Veja algumas dicas para melhorar a sua qualidade de vida.

Quem nunca tentou começar ou manter a sua dieta? A maioria das pessoas come descontroladamente e depois se sente arrependido e culpado por ter comido. Por que pessoas sentem dificuldade quando o assunto é emagrecer?

As queixas mais comuns são: “eu não consigo me controlar, quando chega o final de semana, eu saboto a dieta”, “tive uma DR e desconto o que eu sinto na comida” ou até mesmo “quando estou triste, ansioso, ou angustiado a comida é o meu porto seguro”.  Então você se esforça e tenta, tenta, tenta até conseguir ou desisti na metade ou início do percurso. Mais afinal, o que tem de errado em tudo isso? Por que eu não consigo manter o peso adequado?
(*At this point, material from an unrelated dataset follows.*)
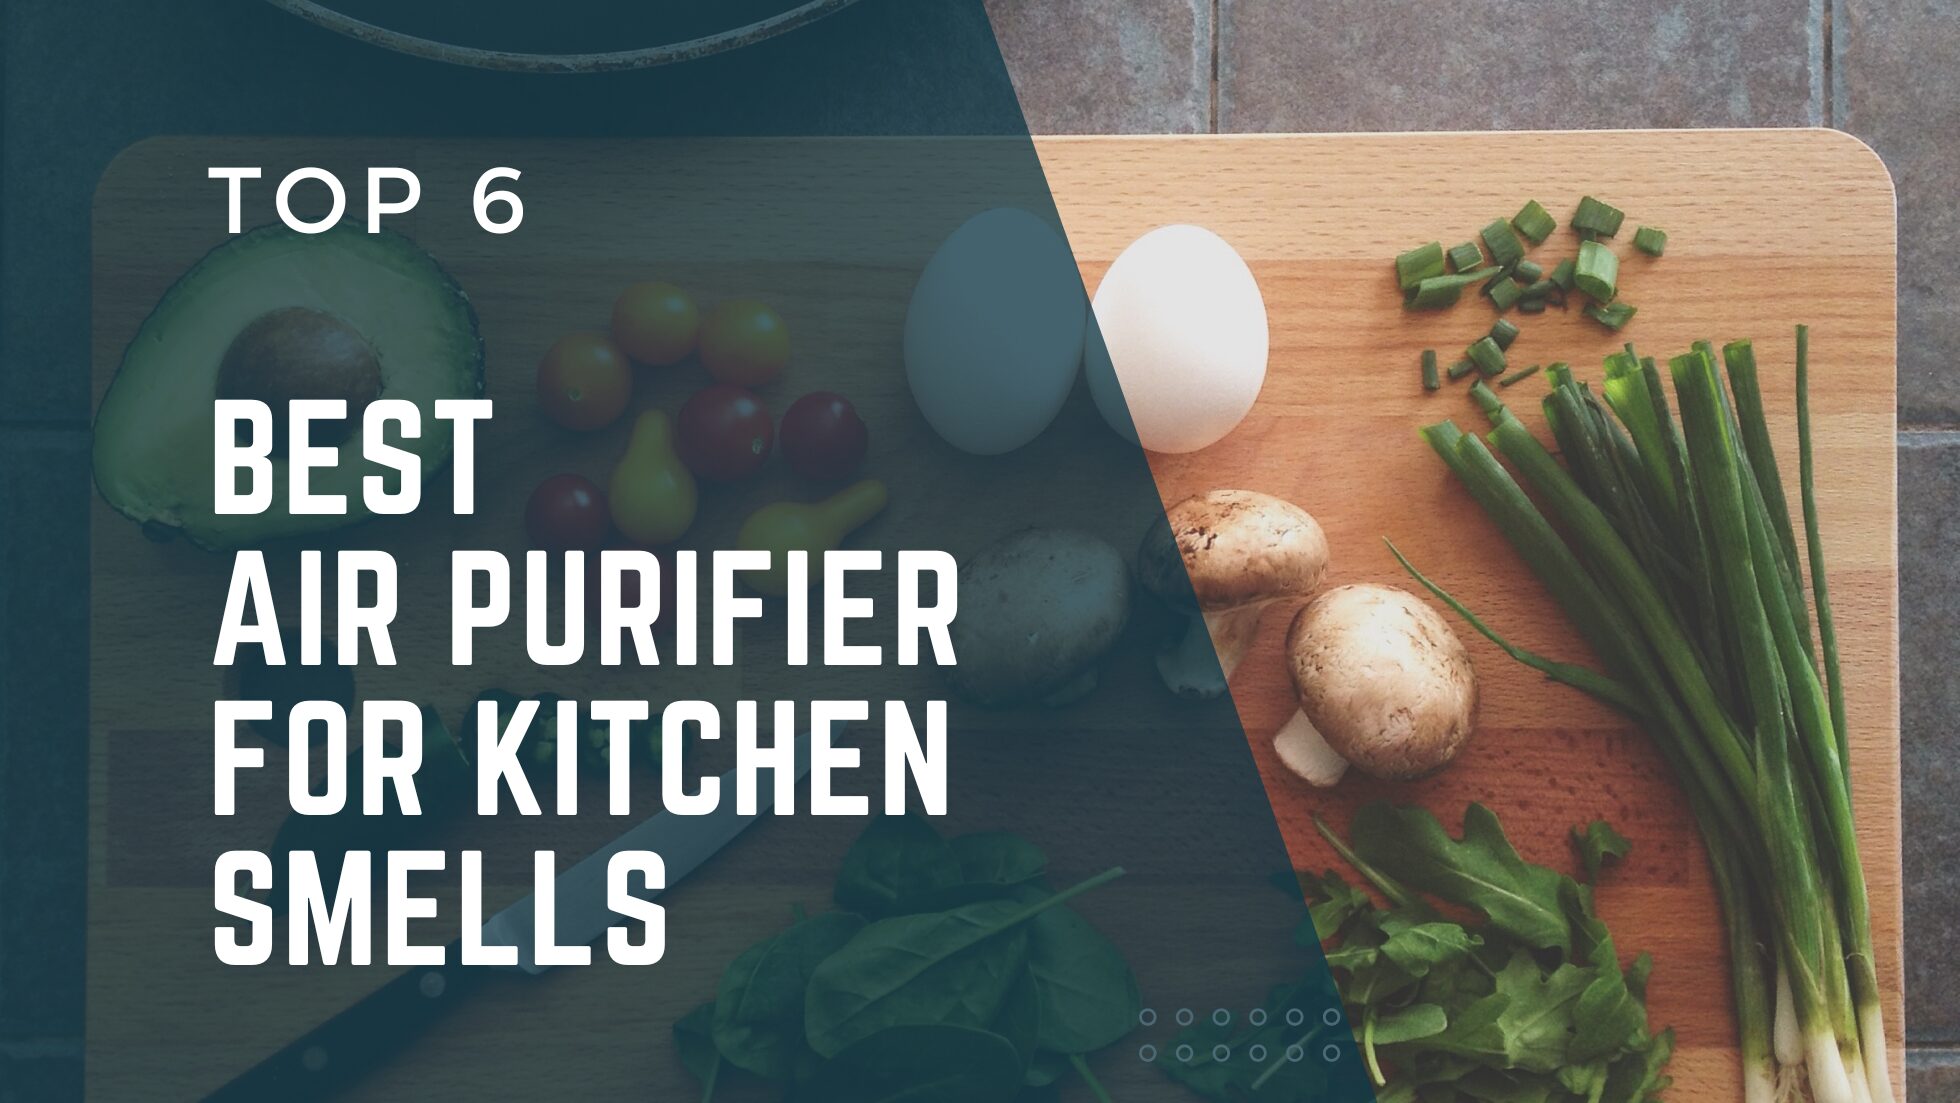 You are currently viewing Top 6 Best Air Purifier for Kitchen Smells
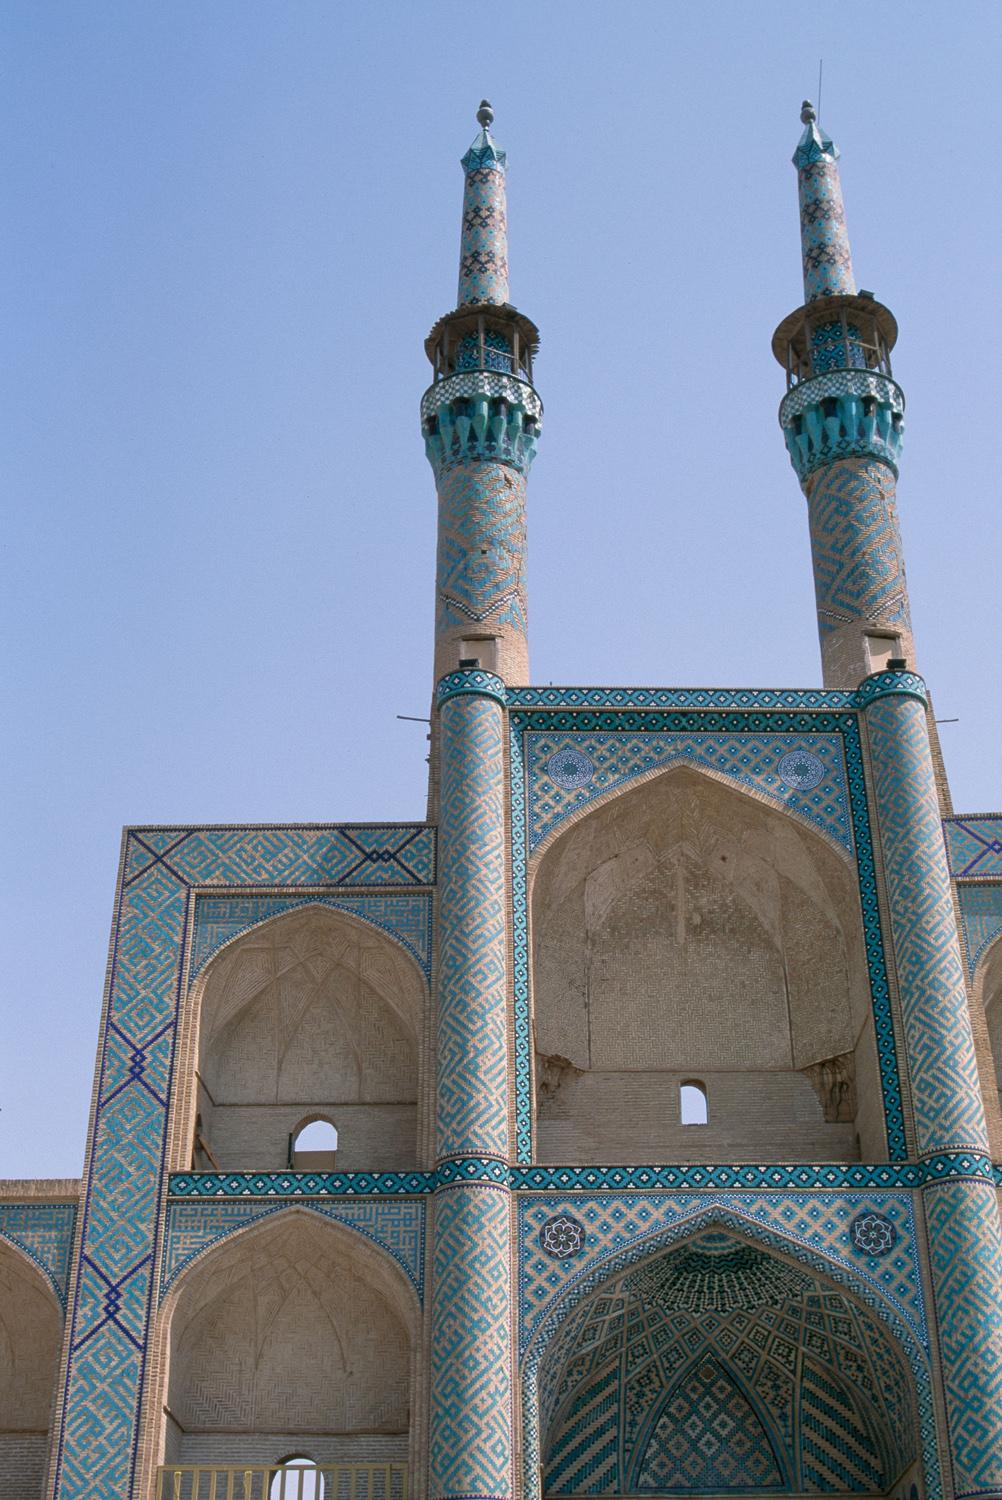 Detail view with minarets

Sabemos que a forma de comer é uma escolha subjetiva baseada em determinado estilo de vida. E que o alimento tem uma forte ligação com as emoções (KAUFMAN, 2012). As pessoas comem o que lhes agrada e o que a cultura lhe impõe, como aquilo que é o mais gostoso, e que enche os olhos só de olhar deixando de refletir se aquele alimento gostoso, gorduroso, açucarado é a opção mais saudável e mais correta a se escolher.

A importância das emoções

E é aí que as emoções entram em cena, ocupando um papel fundamental no comportamento alimentar, pois elas influenciam nas nossas escolhas e nos nossos hábitos alimentares. Importante destacar que ela pode estar associada a fatores históricos e antropológicos envolvendo valores e a cultura que fazem parte da construção do sujeito. A maioria das pessoas não conseguem controlar as suas emoções, comem compulsivamente na tentativa de aliviar o incomodo que sentem de uma situação mal resolvida, na tentativa de fugir dos problemas ao invés de enfrentá-los, camuflam as emoções usando o alimento, por que dessa forma entendem que é mais fácil resolver a situação.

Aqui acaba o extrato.